In the aftermath of the quasi-irrelevant EP Elections, Gonzi is facing a mini-crisis at his Party HQ in Pieta and you could almost picture Muscat peeping out of his office window with a silly smirk plastered all over his face. Alongside Gonzi, the biggest victims of these elections are the Greens. AD needs to embark on a thorough soul-searching exercise and James Debono could not have put it better when he says “it seems that the debate on its future can be its very salvation.” Since its inception, AD heavily relies on intellectual and vibrant internal debate and this might have been lacking in recent years. The debate on its own future should start at Executive Committee level but I believe that the debate should also involve the general public. AD should expand the debate online and a series of public meetings should be held before October’s General Meeting.
If the Greens are to go on with their crusade and let down a few editors and opinionists, some difficult decisions must be taken. Finally, decisions such as who should be the new party leader, what political direction should be taken and what kind of party it should be will be taken by the members of the party during the General Meeting. Only then can the party attract new activists and new leaders as at the moment nobody knows in which direction the party is heading.
AD cannot perpetually rely on winning over pale-blue voters, disgruntled Nationalist voters and protest voters. This group of voters is heterogeneous and is bound to change according to who is in Government and its track record. This target group as a whole is wobbly. AD needs a strong base; it needs to strengthen itself at grassroots levels. The natural AD core is or at least should be essentially progressive, liberal, tertiary educated, young and middle class. AD’s core vote seems to hover between 2000-6000 votes as illustrated by electoral results over the past 17 years. The party should build on this core and strengthen its stronghold on certain issues and themes. AD needs to strike the right balance between the electorate’s needs, aspirations and concerns and green/left politics.

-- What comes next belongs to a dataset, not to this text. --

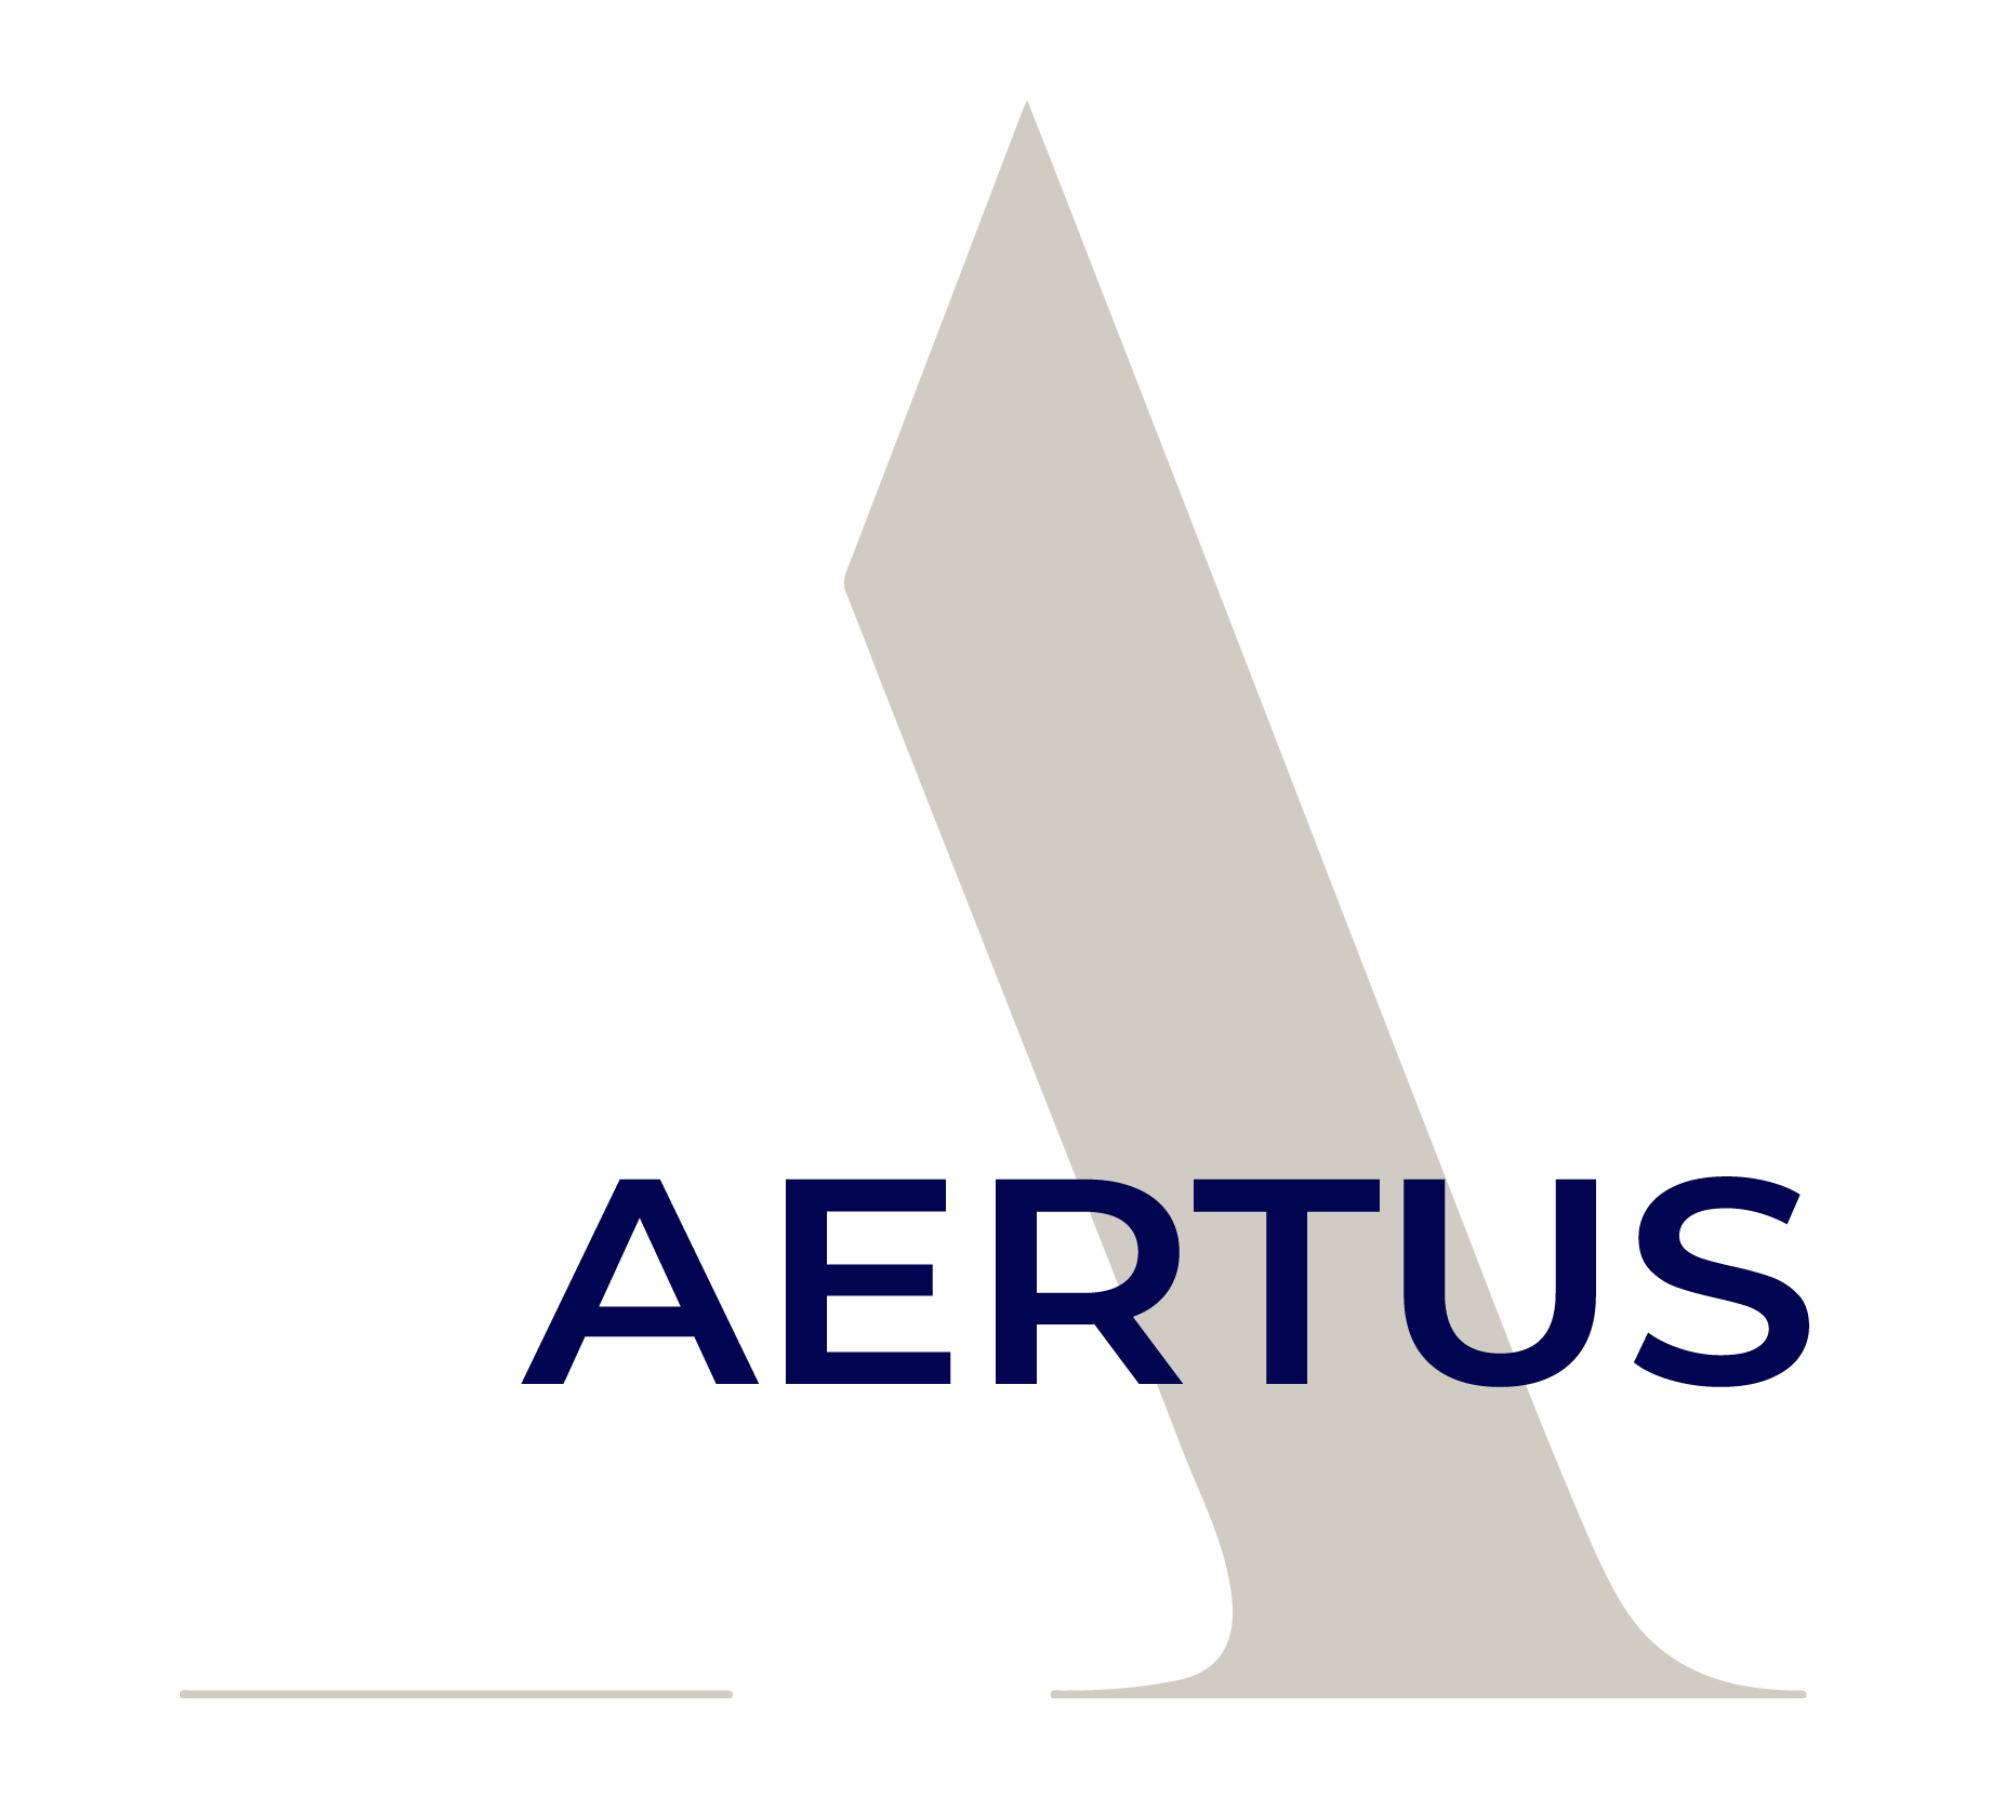 Aertus Finance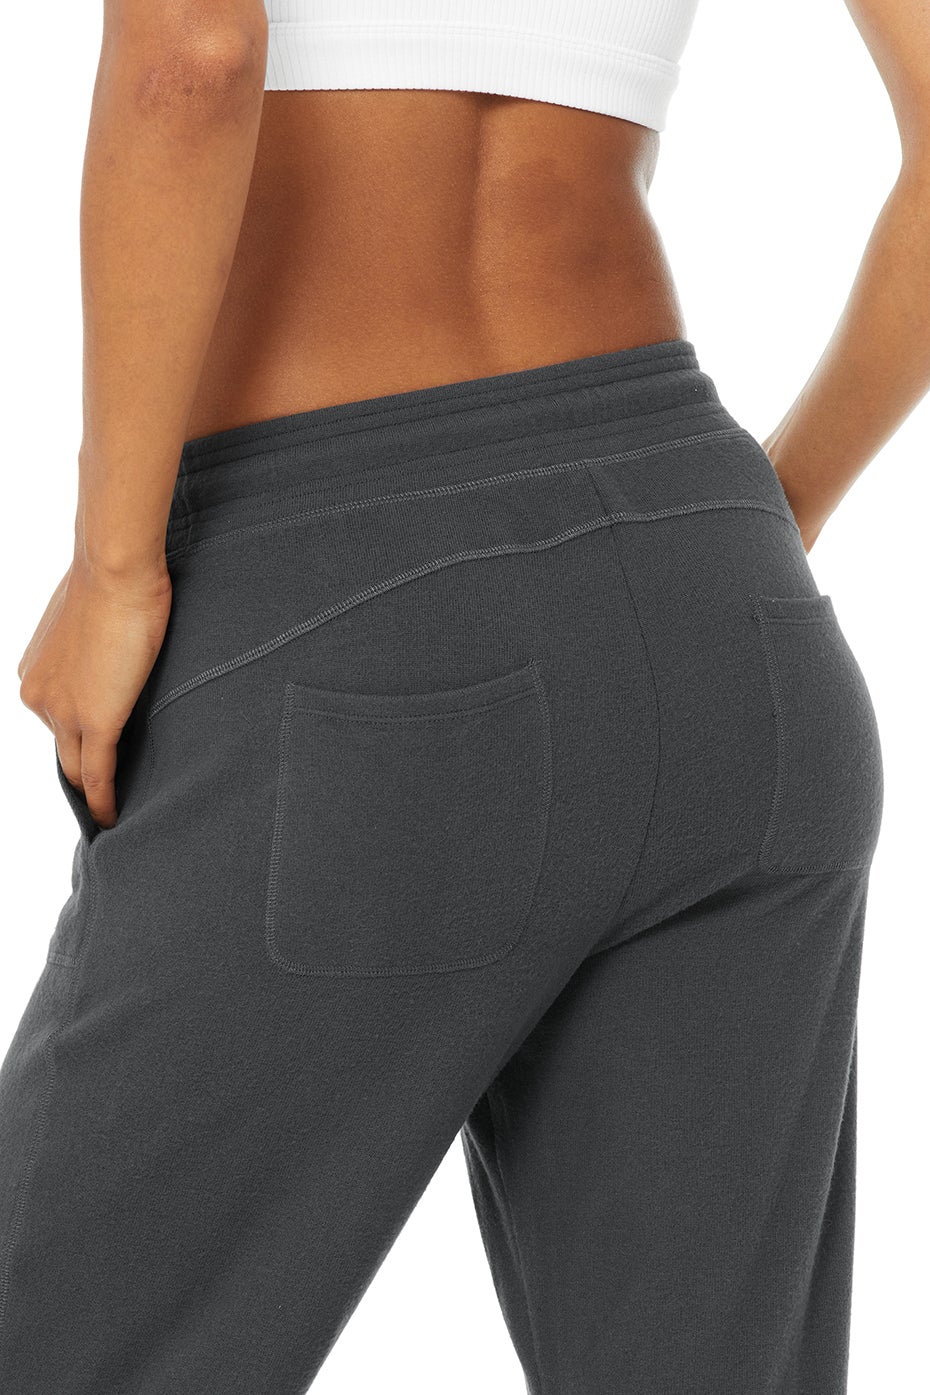 Alo Yoga Women's Sweatpants, Anthracite, Small

A refounded Green Party has to open up its doors and become a workshop of ideas and build its platform upon issues such as civil and social rights for all especially voiceless minorities, progressive taxation, improving the educational system, creation of green jobs, higher minimum wages, exploitation of workers (including migrants), better working conditions particularly regarding part-time and precarious jobs, research, development and innovation, housing, public transport, reforming MEPA, energy and environmental responsability.
AD’s biggest enemy has always been invisibility. AD needs to make itself present not only on the net, TV, radio and the printed media but in people’s everyday life. The party needs to realise that it has to be close to the people. The party has to be close to the people and civil society not only in formulating policy but it has to be present on ground level by taking active roles in local and community level issues. AD has to become a reality politically and culturally. It just needs to be present. This will consequently also help the party find suitable and quality candidates for most LC elections. The electorate votes for people they know, people they know about, people they trust and people with a track record.
AD should establish local networks by utilising existing resources such as party members and activists and establishing new ones. The party should embark on a 10/15 year plan. Firstly, AD should build a strong basis on a local level by having a strong presence at community and Local Council levels. Subsequently, the party can push up its aims and goals another notch. Nonetheless, during this time AD should be unwavering in its attempts to change the electoral, party funding and broadcasting laws and regulations. Only then can AD break the deadlock.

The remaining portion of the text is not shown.